ApTemplate missing finalVisitSummary dataset type

ess20clsi · June 26, 2024, 8:35pm

Hi all,

I am currently trying to run the AP Pipeline on some HSC data, with the ultimate goal of eventually doing image differencing. When I try to run the ApTemplate.yaml pipeline, I am getting the following error:

lsst.daf.butler.cli.utils ERROR: Caught an exception, details are in traceback:
Traceback (most recent call last):
  File "/opt/lsst/software/stack/stack/miniconda3-py38_4.9.2-7.0.1/Linux64/ctrl_mpexec/g218a3a8f53+ca4789321c/python/lsst/ctrl/mpexec/cli/cmd/commands.py", line 199, in run
if (qgraph := script.qgraph(pipelineObj=pipeline, **kwargs, show=show)) is None:
                  ^^^^^^^^^^^^^^^^^^^^^^^^^^^^^^^^^^^^^^^^^^^^^^^^^^^^^^^^
  File "/opt/lsst/software/stack/stack/miniconda3-py38_4.9.2-7.0.1/Linux64/ctrl_mpexec/g218a3a8f53+ca4789321c/python/lsst/ctrl/mpexec/cli/script/qgraph.py", line 210, in qgraph
    qgraph = f.makeGraph(pipelineObj, args)
             ^^^^^^^^^^^^^^^^^^^^^^^^^^^^^^
  File "/opt/lsst/software/stack/stack/miniconda3-py38_4.9.2-7.0.1/Linux64/ctrl_mpexec/g218a3a8f53+ca4789321c/python/lsst/ctrl/mpexec/cmdLineFwk.py", line 622, in makeGraph
    qgraph = graphBuilder.makeGraph(
             ^^^^^^^^^^^^^^^^^^^^^^^
  File "/opt/lsst/software/stack/stack/miniconda3-py38_4.9.2-7.0.1/Linux64/pipe_base/g8798d61f7d+6612571a14/python/lsst/pipe/base/graphBuilder.py", line 1840, in makeGraph
    return scaffolding.makeQuantumGraph(
           ^^^^^^^^^^^^^^^^^^^^^^^^^^^^^
  File "/opt/lsst/software/stack/stack/miniconda3-py38_4.9.2-7.0.1/Linux64/pipe_base/g8798d61f7d+6612571a14/python/lsst/pipe/base/graphBuilder.py", line 1651, in makeQuantumGraph
    registryDatasetTypes=self._get_registry_dataset_types(registry),
                         ^^^^^^^^^^^^^^^^^^^^^^^^^^^^^^^^^^^^^^^^^^
  File "/opt/lsst/software/stack/stack/miniconda3-py38_4.9.2-7.0.1/Linux64/pipe_base/g8798d61f7d+6612571a14/python/lsst/pipe/base/graphBuilder.py", line 1682, in _get_registry_dataset_types
    raise MissingDatasetTypeError(f"Registry is missing an input dataset type {dstype}")
lsst.daf.butler.registry._exceptions.MissingDatasetTypeError: "Registry is missing an input dataset type DatasetType('finalVisitSummary', {band, instrument, physical_filter, visit}, ExposureCatalog)

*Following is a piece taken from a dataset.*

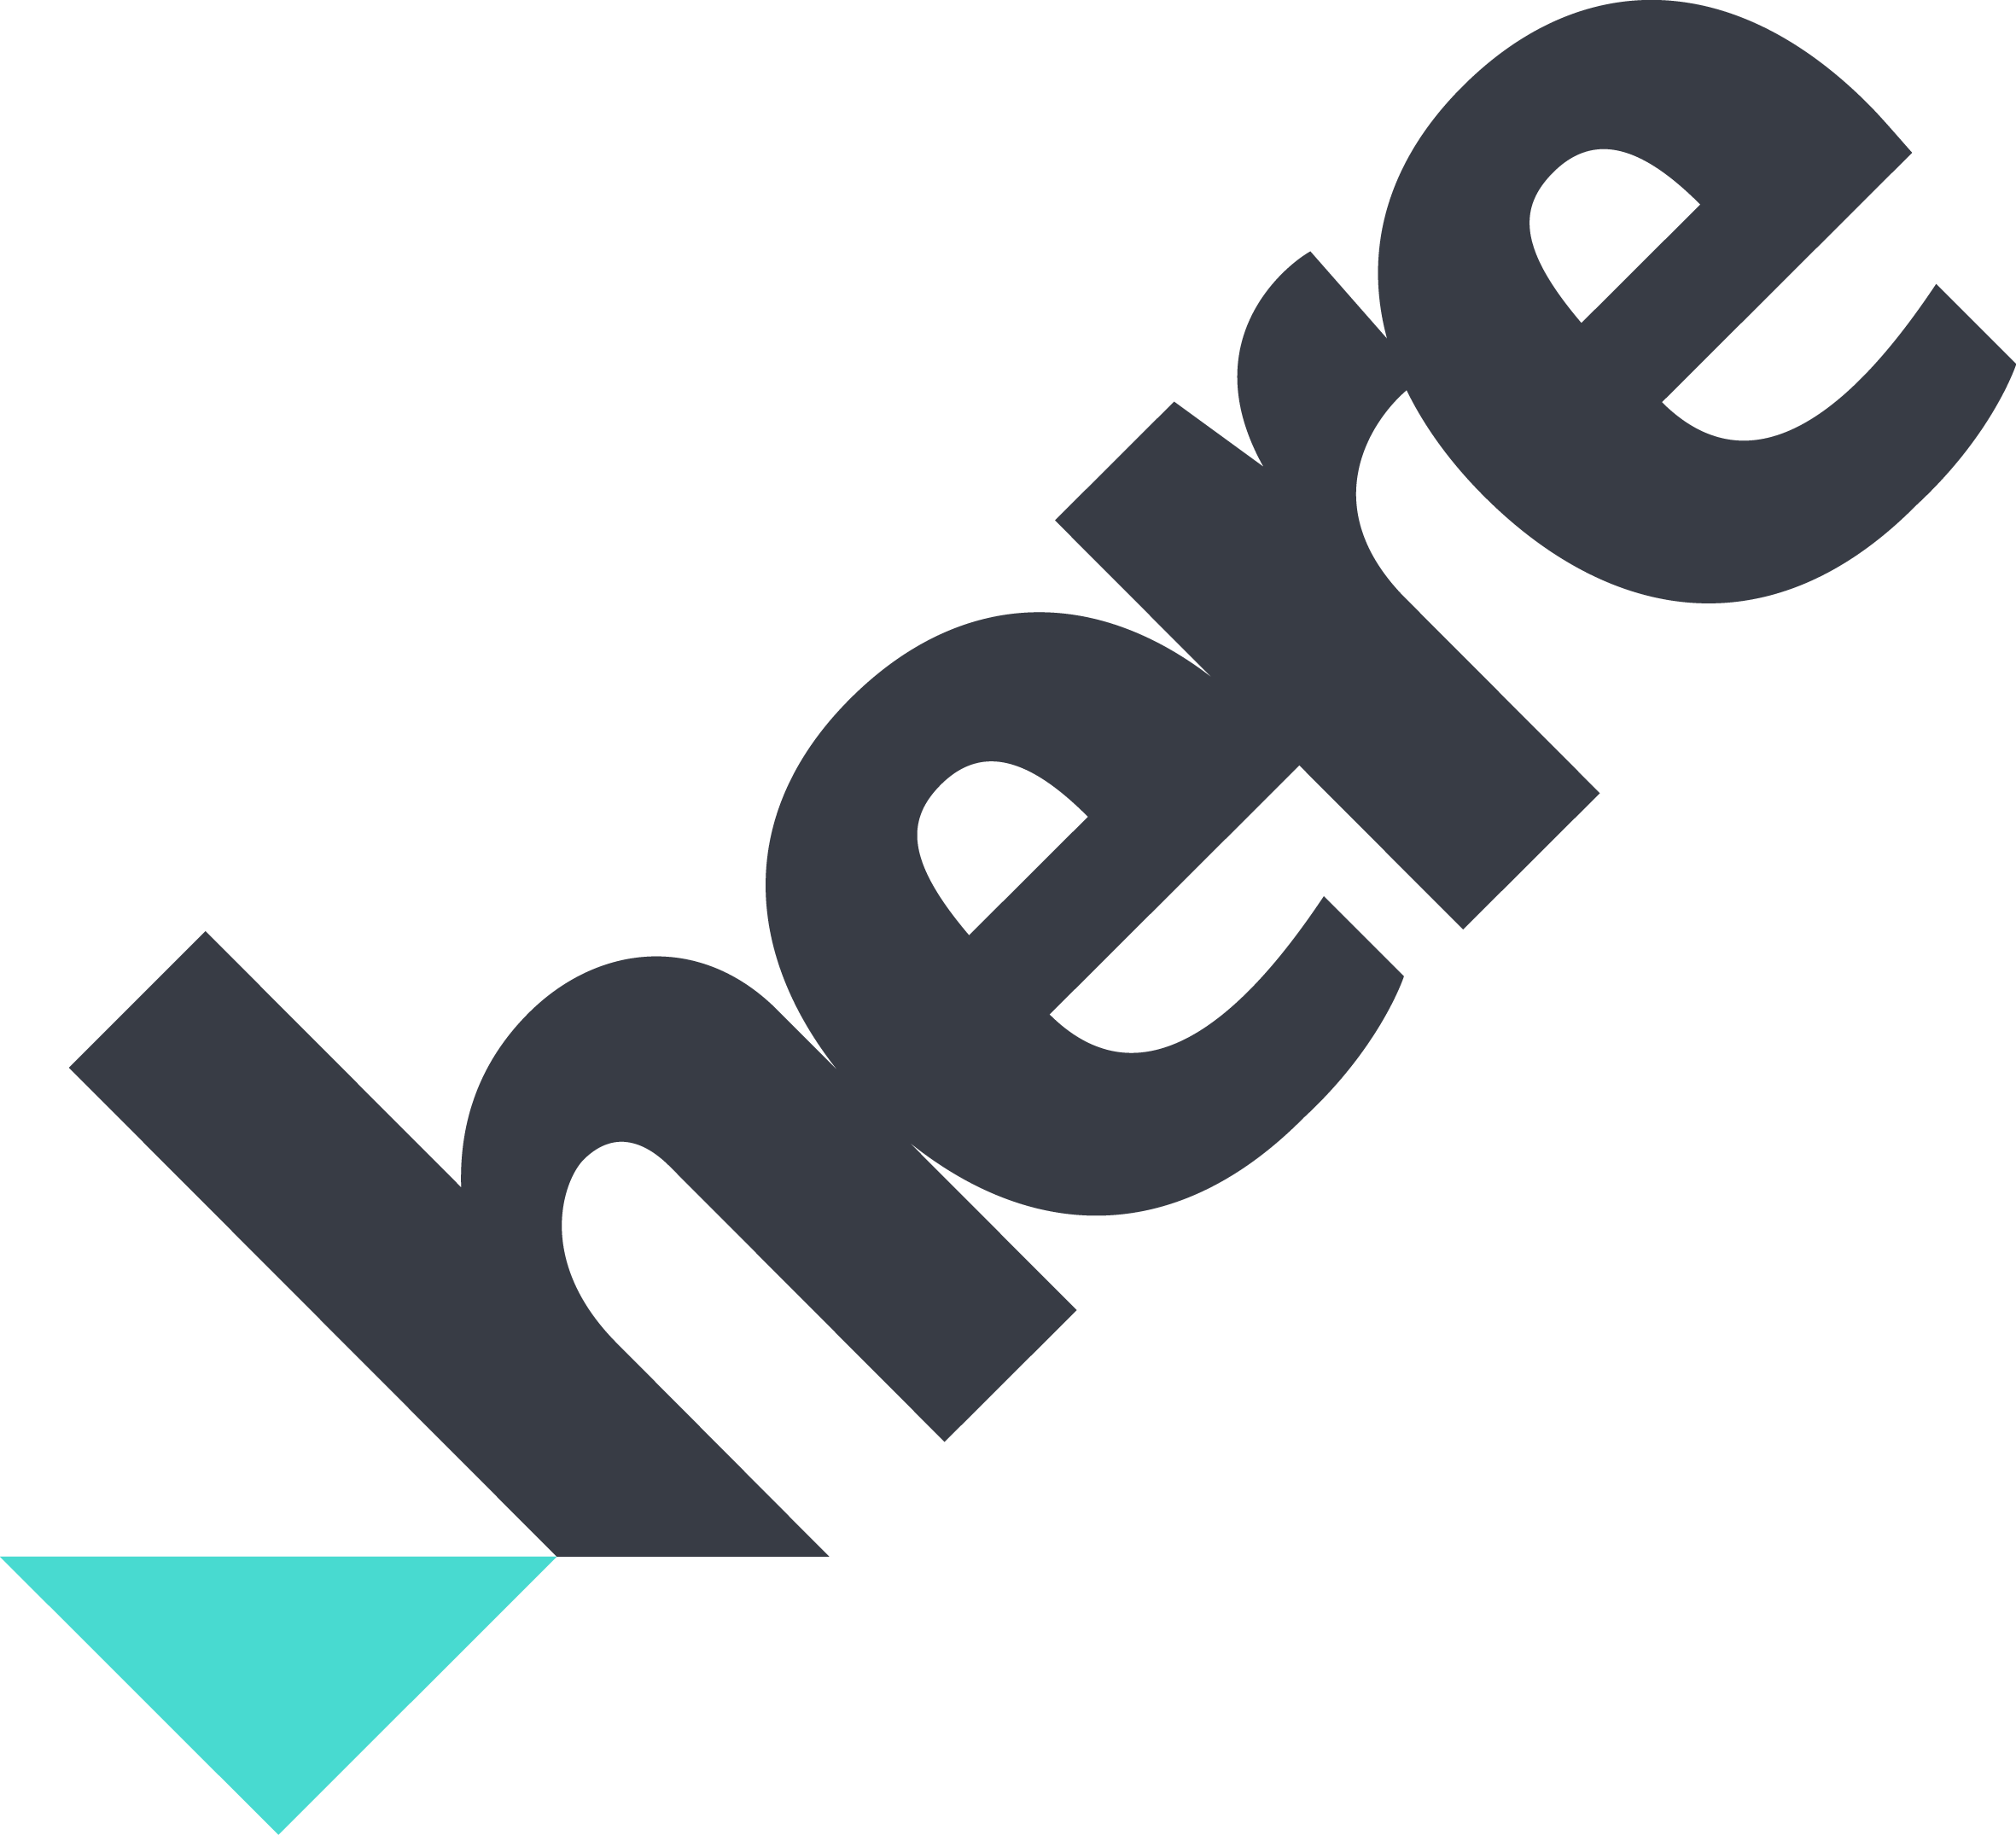 HERE_Logo_2016_V01_0_sRGB.png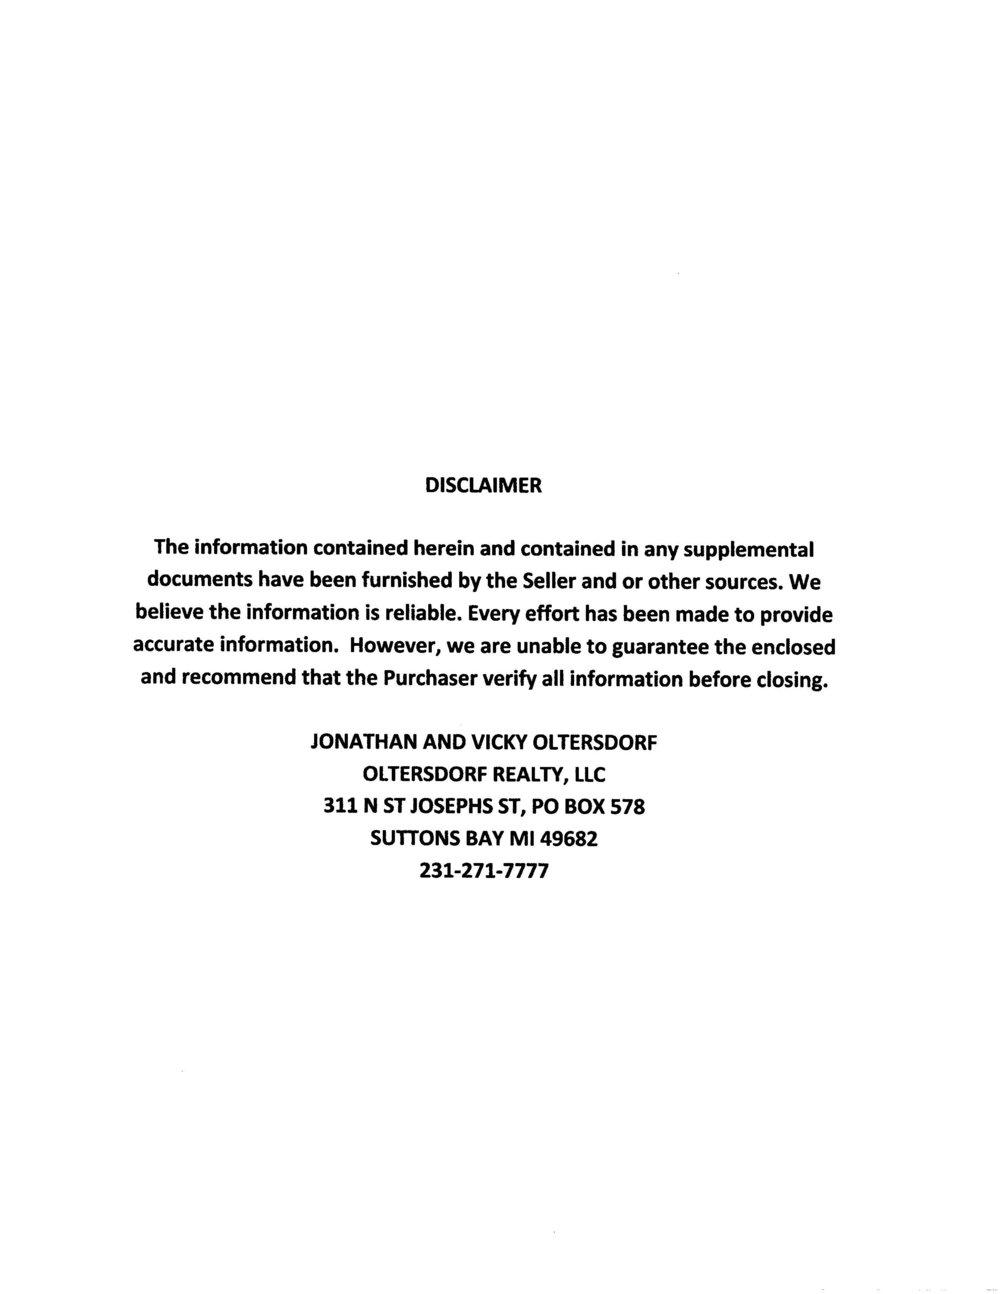 2091 S Lake Shore Drive - Oltersdorf Realty LLC Marketing Packet_Page_14.jpg

This post from a few days ago suggests running updateVisitSummary before running makeWarp, but I don’t really know how that plays into the pipeline. I’ve tried running everything up to consolidateVisitSummary, followed by the updateVisitTask, with the same “No global calibration during nightly validation” configs as suggested in the other post, and I get the following:

lsst.daf.butler.cli.utils ERROR: Caught an exception, details are in traceback:
Traceback (most recent call last):
  File "/opt/lsst/software/stack/stack/miniconda3-py38_4.9.2-7.0.1/Linux64/ctrl_mpexec/g218a3a8f53+ca4789321c/python/lsst/ctrl/mpexec/cli/cmd/commands.py", line 199, in run
    if (qgraph := script.qgraph(pipelineObj=pipeline, **kwargs, show=show)) is None:
                  ^^^^^^^^^^^^^^^^^^^^^^^^^^^^^^^^^^^^^^^^^^^^^^^^^^^^^^^^
  File "/opt/lsst/software/stack/stack/miniconda3-py38_4.9.2-7.0.1/Linux64/ctrl_mpexec/g218a3a8f53+ca4789321c/python/lsst/ctrl/mpexec/cli/script/qgraph.py", line 210, in qgraph
    qgraph = f.makeGraph(pipelineObj, args)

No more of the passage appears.